In other words: the next hop address field must contain the next hop’s global IPv6 address and may also contain its link-local IPv6 address as a secondary information. But our setup does not include any GUAs, only LLAs. What now? Let’s look at three implementations (output taken from Wireshark):

Nokia:

Path Attribute - MP_REACH_NLRI
    [...]
    Next hop: fe80::1
        IPv6 Address: fe80::1

Juniper:

Path Attribute - MP_REACH_NLRI
    [...]
    Next hop: IPv6=fe80::1 Link-local=fe80::1
        IPv6 Address: fe80::1
        Link-local Address: fe80::1

Bird (versions up to 2.16):

Path Attribute - MP_REACH_NLRI
    [...]
    Next hop: IPv6=:: Link-local=fe80::3efd:feff:fe1a:1b40
        IPv6 Address: ::
        Link-local Address: fe80::3efd:feff:fe1a:1b40

Nokia puts the link-local address in the field which is supposed to only carry a global unicast address. There is no additional link-local field. Juniper on the other hand populates both the GUA and the LLA field with the same link-local address. Bird somewhat adheres to the RFC and puts the link-local address only into the appropriate link-local field. But for that to work, it must put something into the GUA field first - they decided to go with empty IPv6 address (translating into :: in Wireshark).

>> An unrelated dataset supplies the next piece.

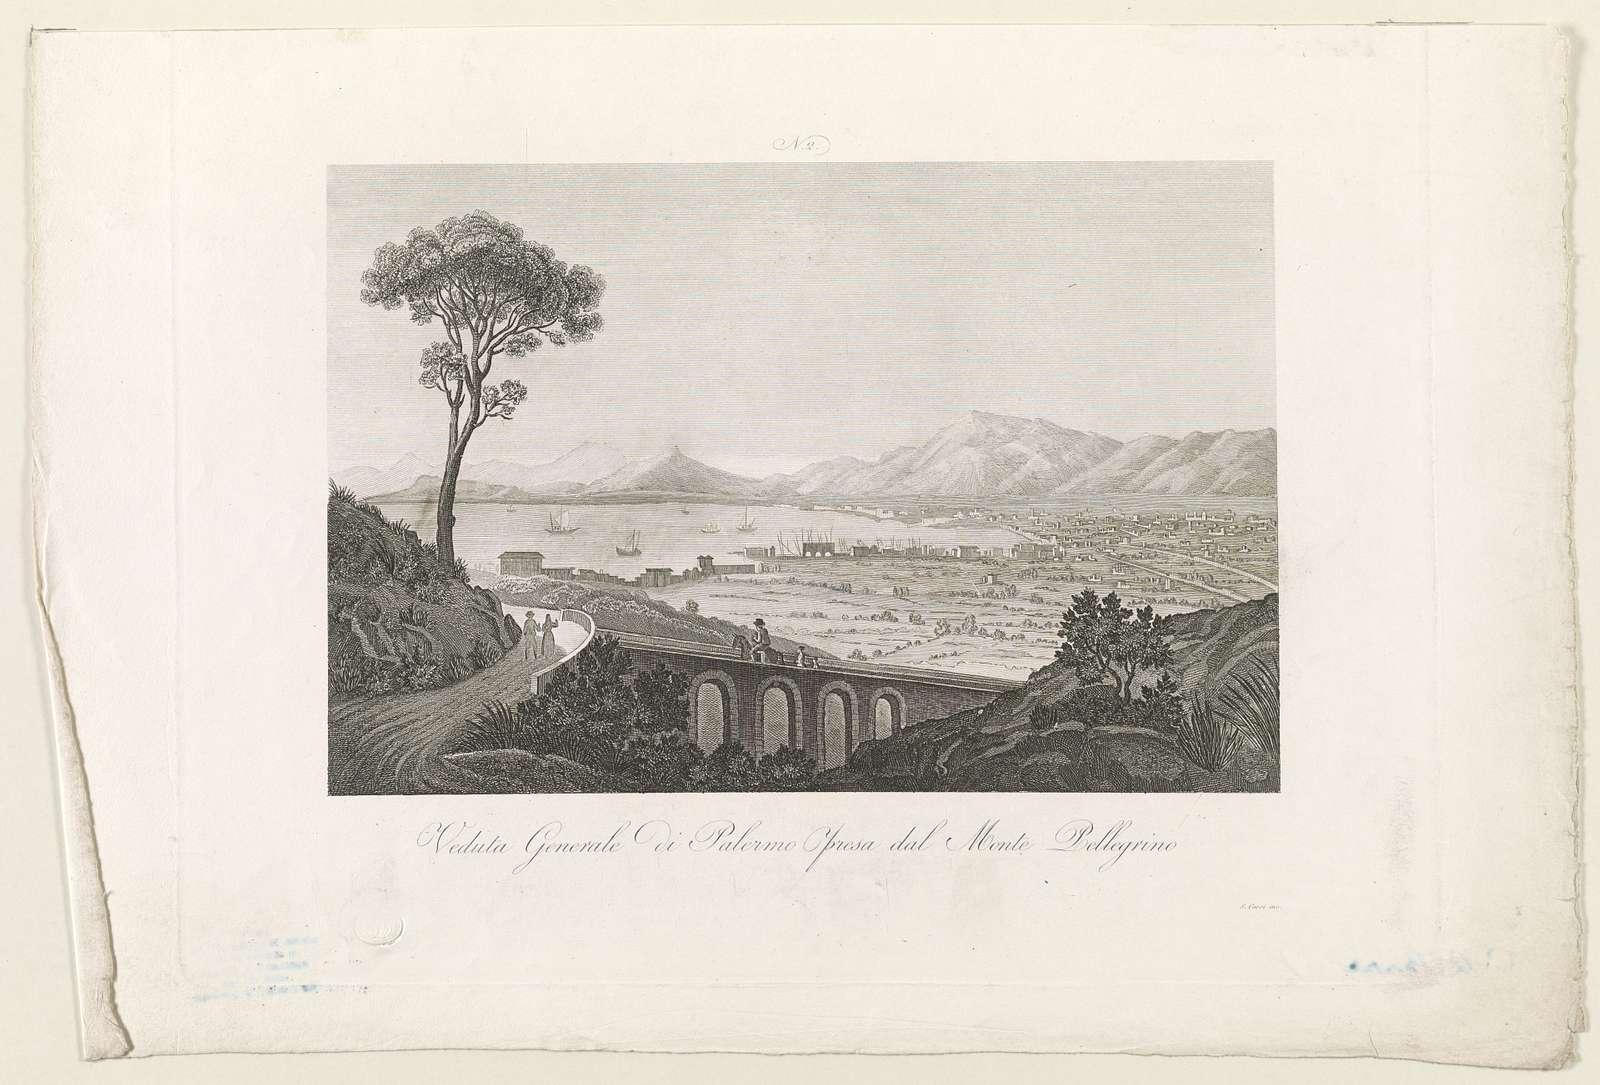 Veduta generale di palermo presa dal Monte Pellegrino

Also, Bird contains code to fix incoming BGP updates when an LLA has been put into the GUA field. That means: BGP updates flowing from Nokia or Juniper devices towards Bird work just fine. However, the other way round they do not. Let’s see what both BGP implementations have to say about BGP updates received from Bird:

Nokia:

In network-instance public, a path attribute of type 14 and length 42 that was received in a route from the neighbor fe80::3efd:feff:fe1a:1b40-"ethernet-1/1.0" was considered malformed.
In network-instance public, a route for NLRI fd00::10:32:1:1/128 was received from neighbor fe80::3efd:feff:fe1a:1b40-"ethernet-1/1.0" and it was considered withdrawn because of a recoverable error in the UPDATE message

Juniper:

BGP_UNUSABLE_NEXTHOP: bgp_nexthop_sanity: peer fe80::3efd:feff:fe1a:1b40%xe-0/0/0.0 (External AD IPv6-ND) next hop :: unexpectedly remote, ignoring routes in this update (instance public)

We observed the above problem using Bird 2.0.12 from Debian Bookworm but also with a manual build of the (at that time) latest version 2.16. We applied a very small/hackish patch so that Bird used the same next hop encoding as Nokia et voilà: both Nokia and Juniper devices accepted our BGP updates.

Since the BGP unnumbered usecase contradicts RFC 2545, I do not think there is any specific side to blame here. One could argue both Nokia and Juniper should relax their BGP parsers to be a bit less strict.

Eventually Bird fixed this issue on their end with this patch. Bird 2.17 introduced a new configuration setting link local next hop format, which defaults to native but also accepts single and double to mimic the behaviour of either Nokia or Juniper. We tested this version against the Nokia implementation and it works like a charm.

Bottom Line

BGP unnumbered is not a brand new concept. You can easily find online resources dating back to 2015 (Ivan Pepelnjak’s ipSpace Blog). It has evolved to some sort of defacto-standard but never made it into its own RFC. Nevertheless the advantages of such a network setup are obvious. You can build a large datacenter fabric with many many leafs and even more connected hosts with only very few lines of (generic) configuration on each network device. Just be aware that mixing vendors might get you into trouble here (even more than usual).

Update on 2024-04-24

Great news! As pointed out by Roberta Maglione on LinkedIn a draft RFC has been published in March which addresses excactly the problem described above. It expires in September 2025, so let’s see where this draft leads us.

The intended implementation is split into three parts:

a new BGP capability which signals the other end that LLA-only routing updates are a) sent and b) understood
allow the MP_REACH_NLRI next-hop field to contain only a link-local address or a combination of GUA and LLA
specify exactly which error conditions exist and how to handle them

Thanks Roberta for providing that information!